=== Requirement ===
From the records below, print exactly the lines starting at the one containing "Strandtuch Dalmatiner, 100%" and ending at the one containing "Teschio umano con", ends included, and nothing else.
<<<<
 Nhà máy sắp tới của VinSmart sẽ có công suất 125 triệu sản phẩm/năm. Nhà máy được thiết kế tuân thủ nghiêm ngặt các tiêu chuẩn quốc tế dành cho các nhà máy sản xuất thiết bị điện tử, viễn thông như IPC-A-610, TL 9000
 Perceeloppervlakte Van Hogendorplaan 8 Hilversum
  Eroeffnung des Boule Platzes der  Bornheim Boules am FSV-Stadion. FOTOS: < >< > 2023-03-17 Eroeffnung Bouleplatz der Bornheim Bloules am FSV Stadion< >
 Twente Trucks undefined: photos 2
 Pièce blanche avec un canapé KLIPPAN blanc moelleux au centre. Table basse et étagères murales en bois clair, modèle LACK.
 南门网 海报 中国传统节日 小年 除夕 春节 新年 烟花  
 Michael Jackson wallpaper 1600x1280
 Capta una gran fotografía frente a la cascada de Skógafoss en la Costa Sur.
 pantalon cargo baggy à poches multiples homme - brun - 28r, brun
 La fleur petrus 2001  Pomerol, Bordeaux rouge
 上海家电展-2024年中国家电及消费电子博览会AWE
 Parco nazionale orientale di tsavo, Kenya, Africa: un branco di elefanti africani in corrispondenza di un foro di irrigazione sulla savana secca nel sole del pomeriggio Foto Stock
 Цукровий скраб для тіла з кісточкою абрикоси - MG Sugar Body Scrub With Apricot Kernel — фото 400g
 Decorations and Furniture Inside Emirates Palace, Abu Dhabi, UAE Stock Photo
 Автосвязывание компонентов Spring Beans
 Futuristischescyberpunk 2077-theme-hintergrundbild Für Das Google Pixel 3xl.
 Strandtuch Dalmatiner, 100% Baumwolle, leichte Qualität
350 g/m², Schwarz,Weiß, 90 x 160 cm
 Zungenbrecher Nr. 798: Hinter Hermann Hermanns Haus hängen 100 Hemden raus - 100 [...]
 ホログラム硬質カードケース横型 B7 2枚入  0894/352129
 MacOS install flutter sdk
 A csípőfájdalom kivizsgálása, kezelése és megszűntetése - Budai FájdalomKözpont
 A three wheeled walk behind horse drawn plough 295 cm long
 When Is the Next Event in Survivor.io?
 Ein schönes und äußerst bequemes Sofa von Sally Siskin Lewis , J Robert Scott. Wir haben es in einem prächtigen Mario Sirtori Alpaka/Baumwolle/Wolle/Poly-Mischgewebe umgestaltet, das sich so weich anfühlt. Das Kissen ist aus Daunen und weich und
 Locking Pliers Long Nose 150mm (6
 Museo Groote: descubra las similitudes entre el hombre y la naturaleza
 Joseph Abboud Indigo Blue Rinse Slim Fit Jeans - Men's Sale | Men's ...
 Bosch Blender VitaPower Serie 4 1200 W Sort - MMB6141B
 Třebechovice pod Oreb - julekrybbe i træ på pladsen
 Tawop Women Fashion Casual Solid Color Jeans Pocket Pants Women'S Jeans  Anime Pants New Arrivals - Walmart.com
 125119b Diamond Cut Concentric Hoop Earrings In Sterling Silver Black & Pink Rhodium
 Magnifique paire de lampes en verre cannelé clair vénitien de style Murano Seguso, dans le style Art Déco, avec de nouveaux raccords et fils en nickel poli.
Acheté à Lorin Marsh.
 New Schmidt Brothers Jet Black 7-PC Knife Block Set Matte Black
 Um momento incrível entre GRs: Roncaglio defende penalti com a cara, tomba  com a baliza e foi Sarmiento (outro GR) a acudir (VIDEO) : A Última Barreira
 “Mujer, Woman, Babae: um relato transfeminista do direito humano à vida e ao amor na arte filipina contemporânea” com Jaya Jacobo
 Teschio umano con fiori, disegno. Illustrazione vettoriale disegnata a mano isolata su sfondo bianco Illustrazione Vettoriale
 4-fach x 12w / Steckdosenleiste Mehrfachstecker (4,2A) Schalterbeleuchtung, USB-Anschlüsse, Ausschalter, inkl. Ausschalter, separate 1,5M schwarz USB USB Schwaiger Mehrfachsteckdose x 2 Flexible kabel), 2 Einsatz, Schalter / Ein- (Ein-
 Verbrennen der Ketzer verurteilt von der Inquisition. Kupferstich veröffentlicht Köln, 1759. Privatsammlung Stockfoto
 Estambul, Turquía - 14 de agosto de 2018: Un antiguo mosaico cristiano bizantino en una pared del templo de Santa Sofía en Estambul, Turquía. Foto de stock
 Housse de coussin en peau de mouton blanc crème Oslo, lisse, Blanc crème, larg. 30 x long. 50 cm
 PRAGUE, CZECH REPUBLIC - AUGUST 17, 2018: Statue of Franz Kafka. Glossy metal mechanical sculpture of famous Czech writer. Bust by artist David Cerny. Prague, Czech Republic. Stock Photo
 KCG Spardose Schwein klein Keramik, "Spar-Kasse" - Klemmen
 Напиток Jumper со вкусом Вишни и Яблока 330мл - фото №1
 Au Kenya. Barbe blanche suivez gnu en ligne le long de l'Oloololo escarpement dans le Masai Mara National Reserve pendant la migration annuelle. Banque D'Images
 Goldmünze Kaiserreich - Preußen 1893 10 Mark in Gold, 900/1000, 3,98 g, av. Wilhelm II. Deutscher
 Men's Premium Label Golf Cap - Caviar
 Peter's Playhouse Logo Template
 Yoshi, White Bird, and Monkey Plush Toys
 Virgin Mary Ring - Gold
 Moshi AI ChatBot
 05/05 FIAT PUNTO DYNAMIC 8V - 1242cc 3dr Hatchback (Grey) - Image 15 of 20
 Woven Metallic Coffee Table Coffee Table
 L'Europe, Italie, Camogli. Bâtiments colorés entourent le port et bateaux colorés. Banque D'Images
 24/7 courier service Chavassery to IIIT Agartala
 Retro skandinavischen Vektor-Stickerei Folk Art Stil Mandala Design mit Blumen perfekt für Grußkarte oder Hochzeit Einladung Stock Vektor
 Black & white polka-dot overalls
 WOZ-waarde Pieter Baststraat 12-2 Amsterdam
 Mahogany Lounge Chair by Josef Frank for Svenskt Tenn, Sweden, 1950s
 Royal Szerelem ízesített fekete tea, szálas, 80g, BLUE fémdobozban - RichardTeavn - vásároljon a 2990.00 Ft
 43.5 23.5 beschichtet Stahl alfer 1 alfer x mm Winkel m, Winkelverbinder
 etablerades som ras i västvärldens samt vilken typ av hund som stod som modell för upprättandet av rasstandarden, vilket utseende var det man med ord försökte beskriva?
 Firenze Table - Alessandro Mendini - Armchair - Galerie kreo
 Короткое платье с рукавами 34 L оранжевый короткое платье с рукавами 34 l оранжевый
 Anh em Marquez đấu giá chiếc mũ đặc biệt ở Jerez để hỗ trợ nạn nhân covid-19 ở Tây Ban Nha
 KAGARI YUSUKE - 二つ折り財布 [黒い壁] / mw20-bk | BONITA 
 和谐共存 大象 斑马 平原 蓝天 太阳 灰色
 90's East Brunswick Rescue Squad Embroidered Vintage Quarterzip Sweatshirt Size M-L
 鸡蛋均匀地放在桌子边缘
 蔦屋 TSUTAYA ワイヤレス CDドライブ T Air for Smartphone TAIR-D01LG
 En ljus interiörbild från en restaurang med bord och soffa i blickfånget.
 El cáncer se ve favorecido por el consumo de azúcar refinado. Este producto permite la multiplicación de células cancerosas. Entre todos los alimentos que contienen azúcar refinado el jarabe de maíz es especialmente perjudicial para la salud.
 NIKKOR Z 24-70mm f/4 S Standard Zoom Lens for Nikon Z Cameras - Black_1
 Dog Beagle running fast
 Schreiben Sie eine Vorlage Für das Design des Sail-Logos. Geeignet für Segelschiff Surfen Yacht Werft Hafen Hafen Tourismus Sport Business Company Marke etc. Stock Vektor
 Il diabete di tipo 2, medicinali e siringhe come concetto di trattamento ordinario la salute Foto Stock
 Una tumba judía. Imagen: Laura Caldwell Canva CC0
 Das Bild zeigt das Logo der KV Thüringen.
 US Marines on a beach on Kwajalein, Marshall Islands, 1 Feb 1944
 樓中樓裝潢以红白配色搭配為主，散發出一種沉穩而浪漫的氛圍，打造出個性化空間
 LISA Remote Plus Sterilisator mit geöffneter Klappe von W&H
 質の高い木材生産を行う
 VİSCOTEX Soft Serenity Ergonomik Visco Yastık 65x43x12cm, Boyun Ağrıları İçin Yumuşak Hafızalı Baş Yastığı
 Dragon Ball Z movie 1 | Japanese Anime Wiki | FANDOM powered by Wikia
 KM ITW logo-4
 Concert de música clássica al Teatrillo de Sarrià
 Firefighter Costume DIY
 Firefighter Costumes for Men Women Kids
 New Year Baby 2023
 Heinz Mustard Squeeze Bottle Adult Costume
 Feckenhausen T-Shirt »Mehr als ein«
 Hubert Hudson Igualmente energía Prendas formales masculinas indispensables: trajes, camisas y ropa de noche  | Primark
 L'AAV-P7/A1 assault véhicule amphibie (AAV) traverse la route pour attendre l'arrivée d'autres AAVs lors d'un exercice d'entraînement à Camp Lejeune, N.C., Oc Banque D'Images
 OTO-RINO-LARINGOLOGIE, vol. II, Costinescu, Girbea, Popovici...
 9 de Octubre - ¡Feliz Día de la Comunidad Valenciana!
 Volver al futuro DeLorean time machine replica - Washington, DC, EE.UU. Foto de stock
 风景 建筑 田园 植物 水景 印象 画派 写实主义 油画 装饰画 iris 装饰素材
>>>>
=== Task answer ===
 Strandtuch Dalmatiner, 100% Baumwolle, leichte Qualität
350 g/m², Schwarz,Weiß, 90 x 160 cm
 Zungenbrecher Nr. 798: Hinter Hermann Hermanns Haus hängen 100 Hemden raus - 100 [...]
 ホログラム硬質カードケース横型 B7 2枚入  0894/352129
 MacOS install flutter sdk
 A csípőfájdalom kivizsgálása, kezelése és megszűntetése - Budai FájdalomKözpont
 A three wheeled walk behind horse drawn plough 295 cm long
 When Is the Next Event in Survivor.io?
 Ein schönes und äußerst bequemes Sofa von Sally Siskin Lewis , J Robert Scott. Wir haben es in einem prächtigen Mario Sirtori Alpaka/Baumwolle/Wolle/Poly-Mischgewebe umgestaltet, das sich so weich anfühlt. Das Kissen ist aus Daunen und weich und
 Locking Pliers Long Nose 150mm (6
 Museo Groote: descubra las similitudes entre el hombre y la naturaleza
 Joseph Abboud Indigo Blue Rinse Slim Fit Jeans - Men's Sale | Men's ...
 Bosch Blender VitaPower Serie 4 1200 W Sort - MMB6141B
 Třebechovice pod Oreb - julekrybbe i træ på pladsen
 Tawop Women Fashion Casual Solid Color Jeans Pocket Pants Women'S Jeans  Anime Pants New Arrivals - Walmart.com
 125119b Diamond Cut Concentric Hoop Earrings In Sterling Silver Black & Pink Rhodium
 Magnifique paire de lampes en verre cannelé clair vénitien de style Murano Seguso, dans le style Art Déco, avec de nouveaux raccords et fils en nickel poli.
Acheté à Lorin Marsh.
 New Schmidt Brothers Jet Black 7-PC Knife Block Set Matte Black
 Um momento incrível entre GRs: Roncaglio defende penalti com a cara, tomba  com a baliza e foi Sarmiento (outro GR) a acudir (VIDEO) : A Última Barreira
 “Mujer, Woman, Babae: um relato transfeminista do direito humano à vida e ao amor na arte filipina contemporânea” com Jaya Jacobo
 Teschio umano con fiori, disegno. Illustrazione vettoriale disegnata a mano isolata su sfondo bianco Illustrazione Vettoriale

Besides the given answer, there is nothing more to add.